So in "it would be much easier to trick us than to write down a good proposal", the relevant operationalization of "easier" for this argument is "the number of proposals which both look good and are good is exponentially smaller than the number which look good".
I think that argument applies just as easily to a human as to a model, doesn't it?
So it seems like you are making an equally strong claim that "if a human tries to write down something that looks like good alignment work almost all of it will be persuasive but bad." And I think that's kind of true and kind of not true. In general I think you can get much better estimates by thinking about delegating to sociopathic humans (or to humans with slightly different comparative advantages) than trying to make a counting argument.
(I think the fact that "how smart the human is" doesn't matter mostly just proves that the counting argument is untethered from the key considerations.)
A human writing their own alignment proposal has introspective access to the process-which-generates-the-proposal, and can get a ton of bits from that. They can trust the process, rather than just the output.
A human who is good at making their own thinking process legible to others, coupled with an audience who knows to look for that, could get similar benefits in a more distributed manner. Faking a whole though process is more difficult, for a human, than simply faking an output. That does not apply nearly as well to an AI; it is far more likely that the AI's thought-process would be very different from ours, such that it would be easier to fake a human-legible path than to truly follow one from the start.
I think "how smart the human is" is not a key consideration.
I think how well we can evaluate claims and arguments about AI alignment absolutely determines whether delegating alignment to machines is easier than doing alignment ourselves. A heuristic argument that says "evaluation isn't easier than generation, and that claim is true regardless of how good you are at evaluation until you get basically perfect at it" seems obviously wrong to me. If that's a good summary of the disagreement I'm happy to just leave it there.

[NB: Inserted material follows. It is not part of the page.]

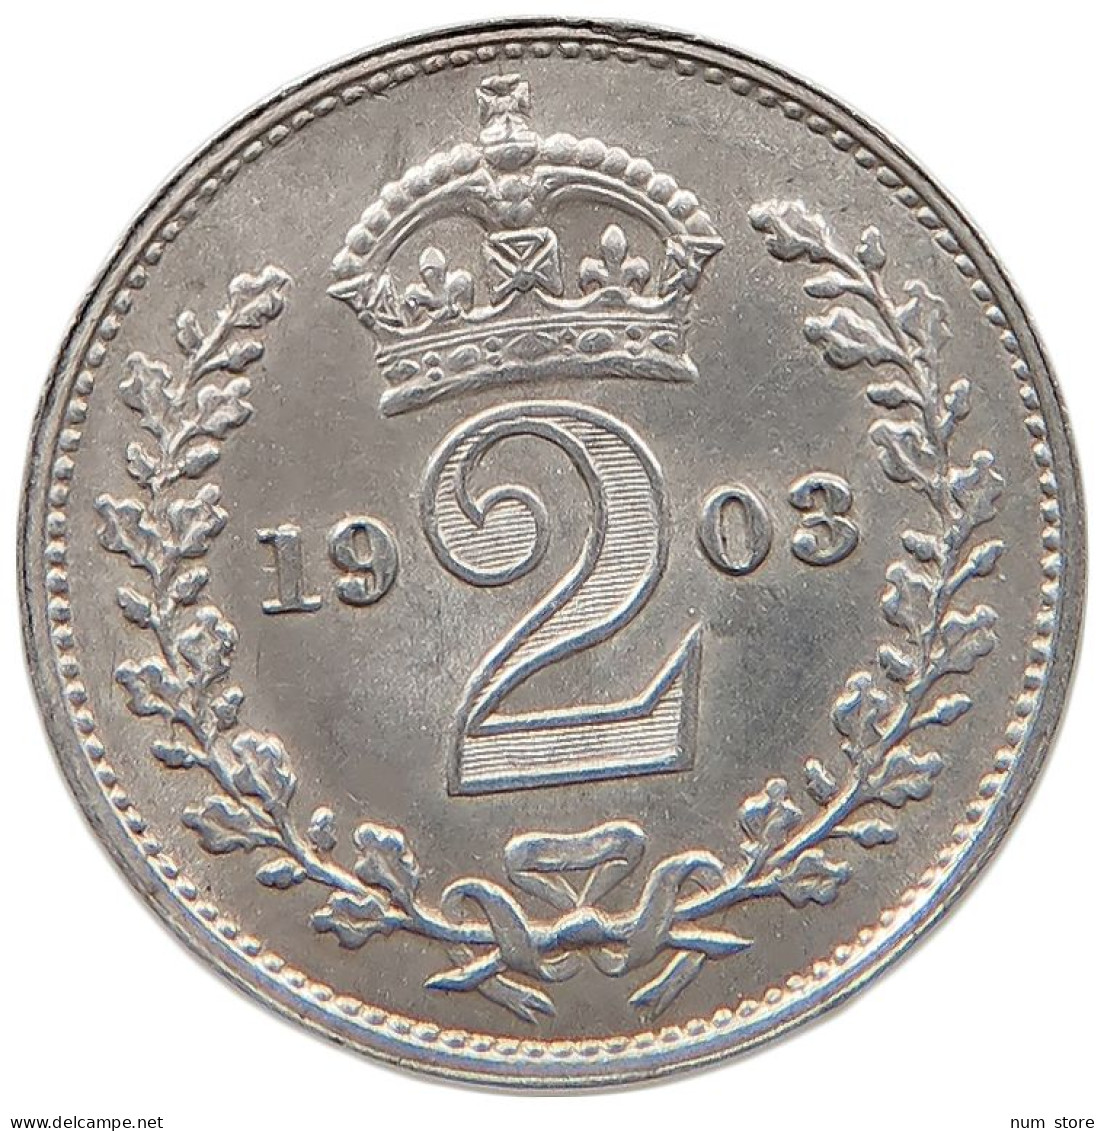 GREAT BRITAIN TWOPENCE MAUNDY 1903 Edward VII., 1901 - 1910 #t143 0667 - E. 2 Pence

Yup, that sounds like a crux. Bookmarked for later.
I strongly agree with you that it'll eventually be very difficult for humans to tell apart AI-generated alignment proposals that look good and aren't good from ones that look good and are actually good.
There is a much stronger version of the claim "alignment proposals are easier to evaluate than to generate" that I think we're discussing in this thread, where you claim that humans will be able to tell all good alignment proposals apart from bad ones or at least not accept any bad ones (precision matters much more than recall here since you can compensate bad recall with compute). If this strong claim is true, then conceptually RLHF/reward modeling should be sufficient as an alignment technique for the minimal viable product. Personally I think that this strong version of the claim is unlikely to be true, but I'm not certain that I will be false for the first systems that can do useful alignment research.
As William points out below, if we get AI-assisted human evaluation to work well, then we can uncover flaws in alignment proposals that are too hard to find for unassisted humans. This is a weaker version of the claim, because you're just claiming that humans + AI assistance are better at evaluating alignment proposals than human + AI assistance are at generating them. Generally I'm pretty optimistic about that level of supervision actually allowing us to supervise superhuman alignment research; I've written more about this here: https://aligned.substack.com/p/ai-assisted-human-feedback
Is the claim here that the 2^200 "persuasive ideas" would actually pass the scrutiny of top human researchers (for example, Paul Christiano studies one of them for a week and concludes that it is probably a full solution)? Or do you just mean that they would look promising in a shorter evaluation done for training purposes?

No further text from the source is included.